→ Task directions:
Please write out the listing exactly, leaving each picture out.

→ Data shown:
•••

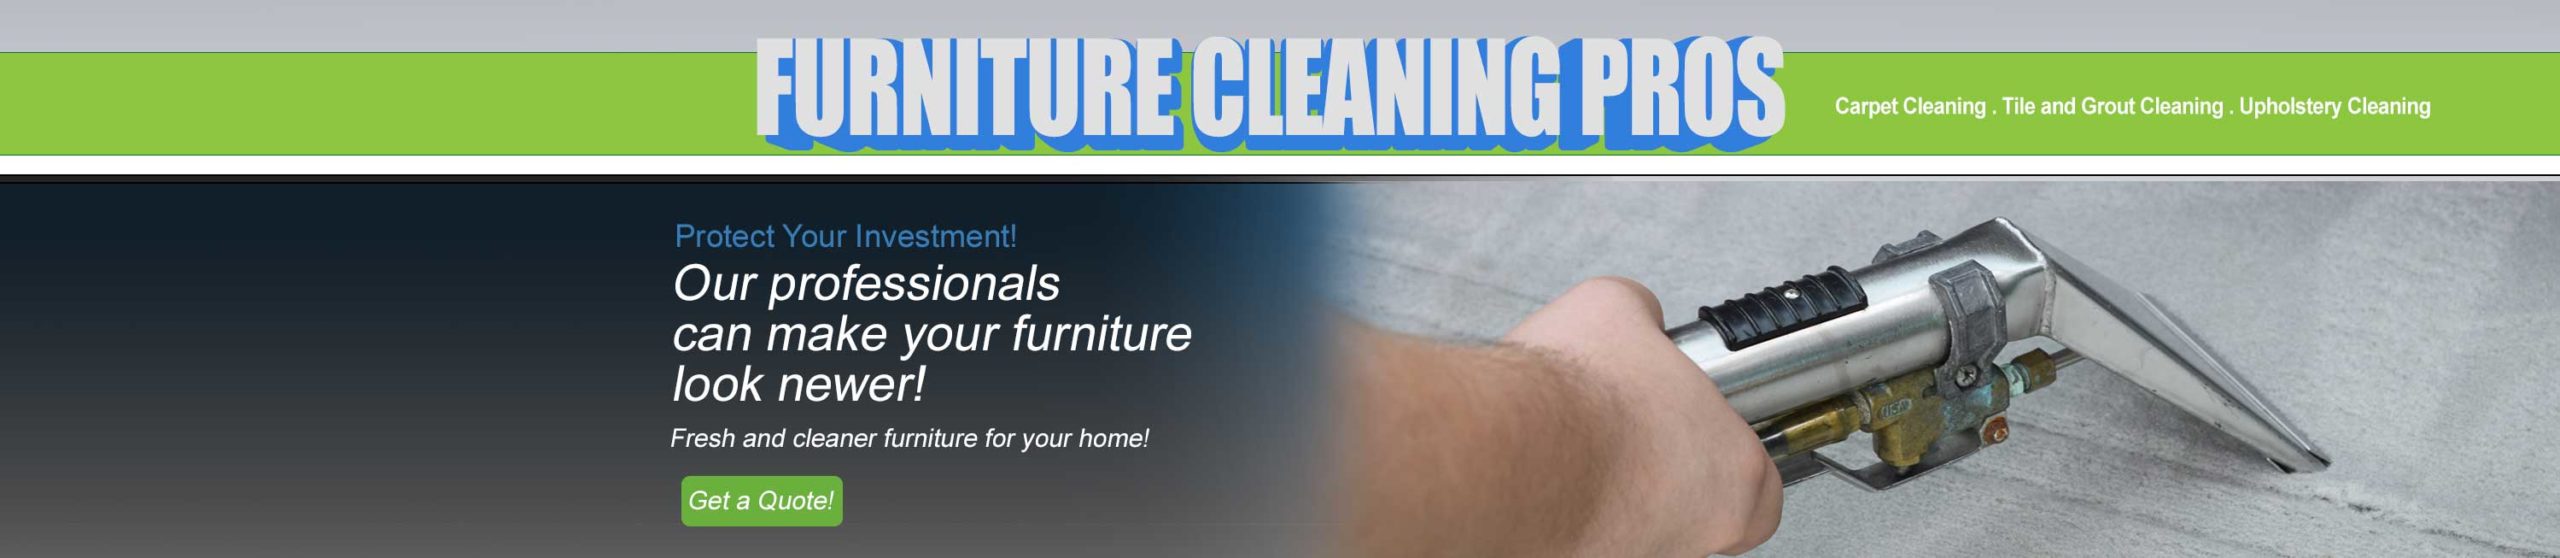 Furniture and upholstery cleaning in Queen Creek AZ
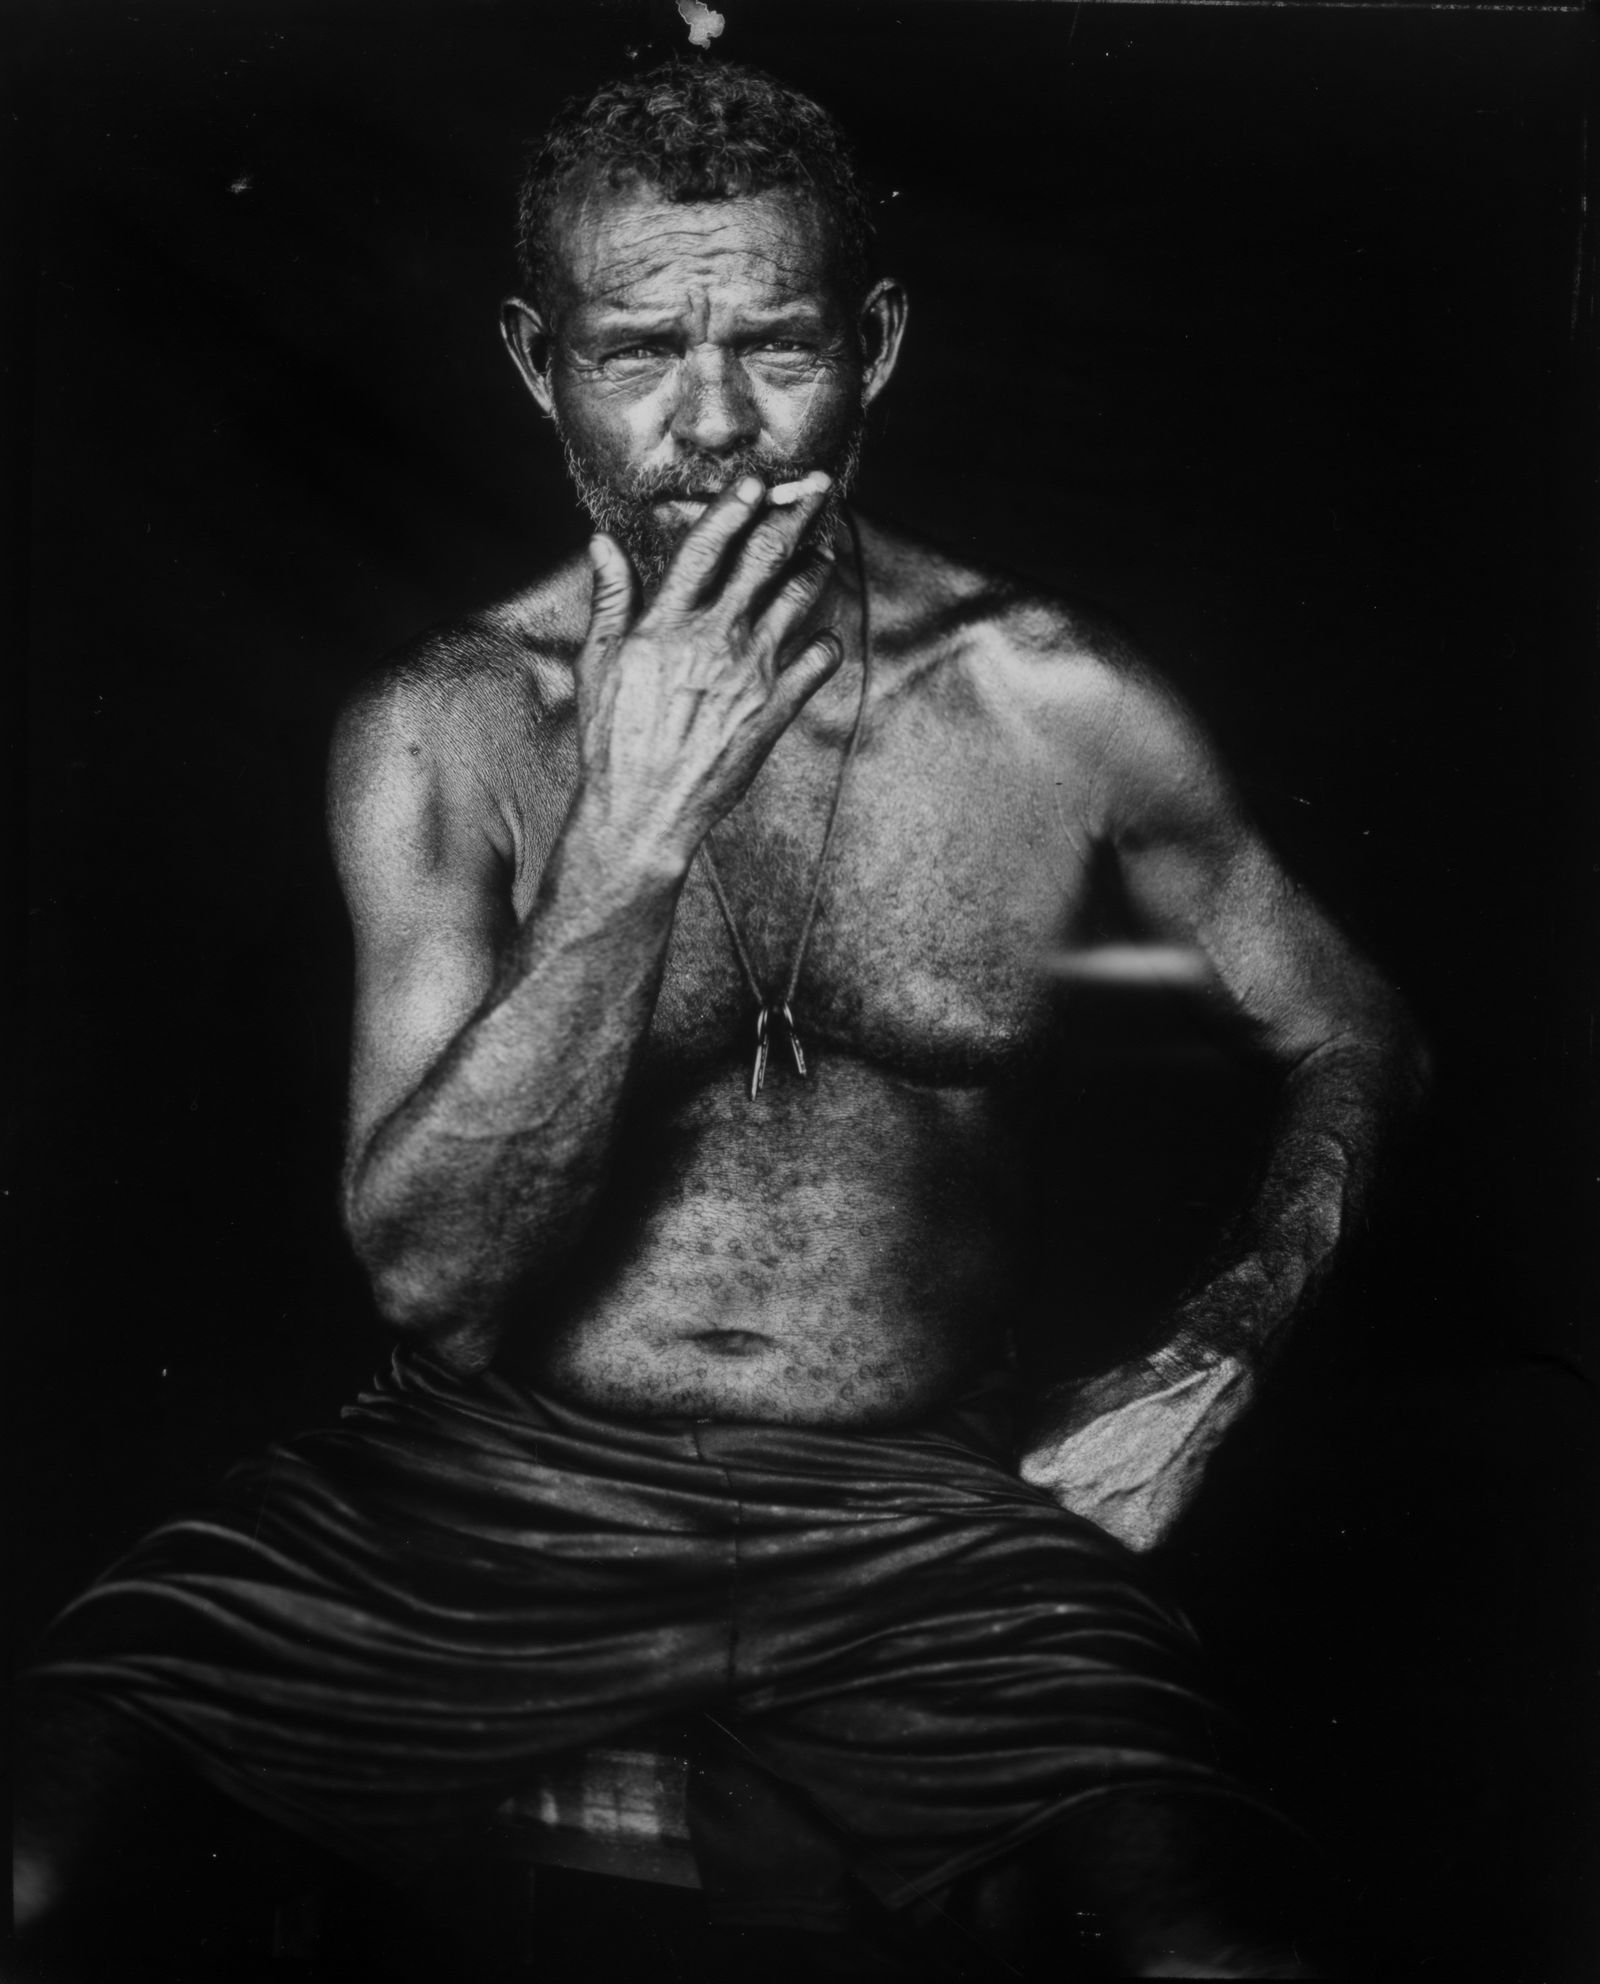 © RODRIGO ABD - Image from the FISHERMAN´S OIL photography project
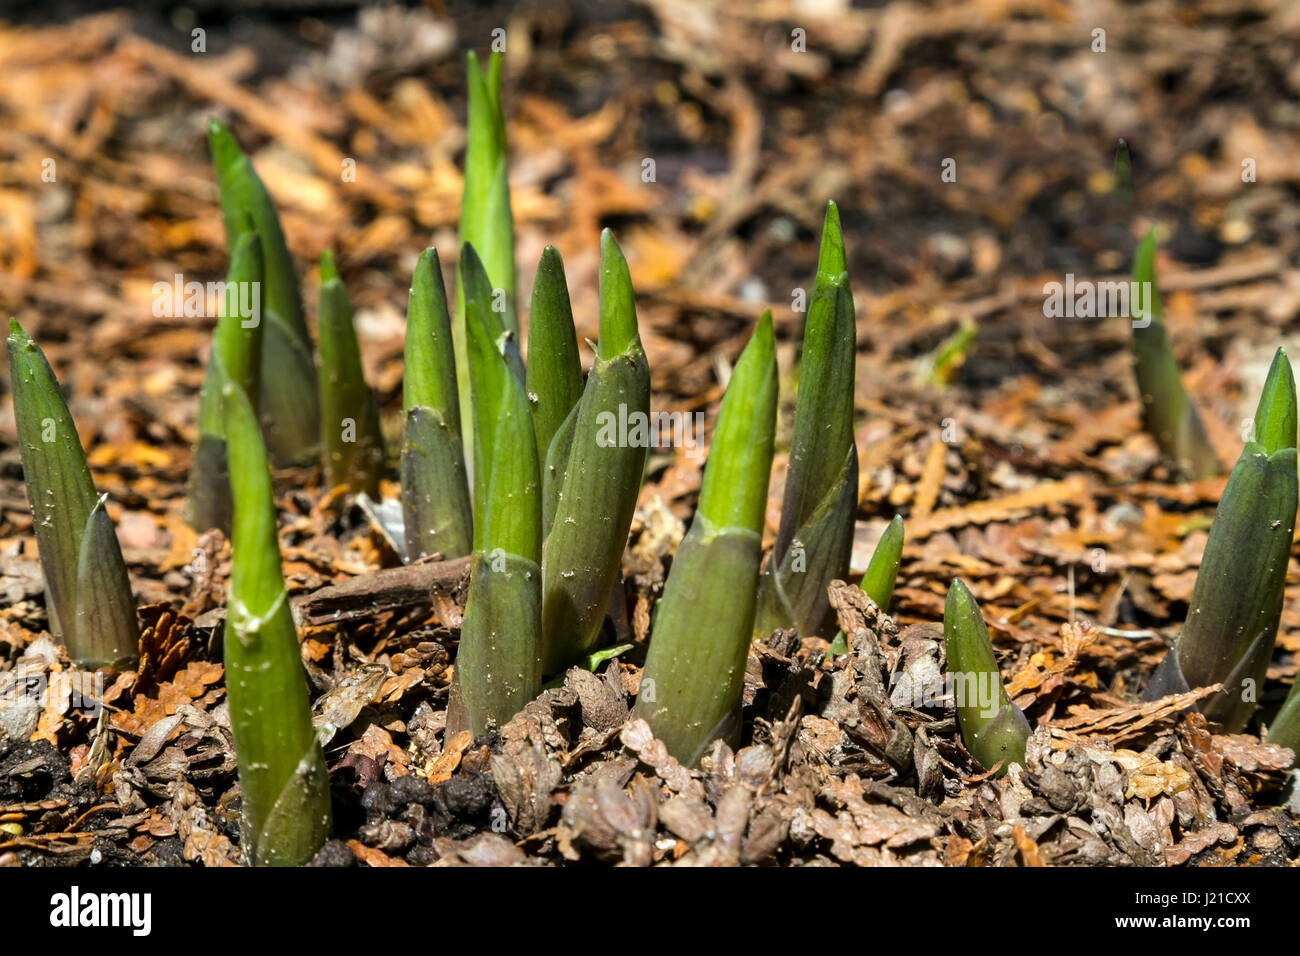 A Hostas plant pushing up through the ground in spring. Stock Photo

•••

→ Task answer:
 Furniture and upholstery cleaning in Queen Creek AZ
 © RODRIGO ABD - Image from the FISHERMAN´S OIL photography project
 A Hostas plant pushing up through the ground in spring. Stock Photo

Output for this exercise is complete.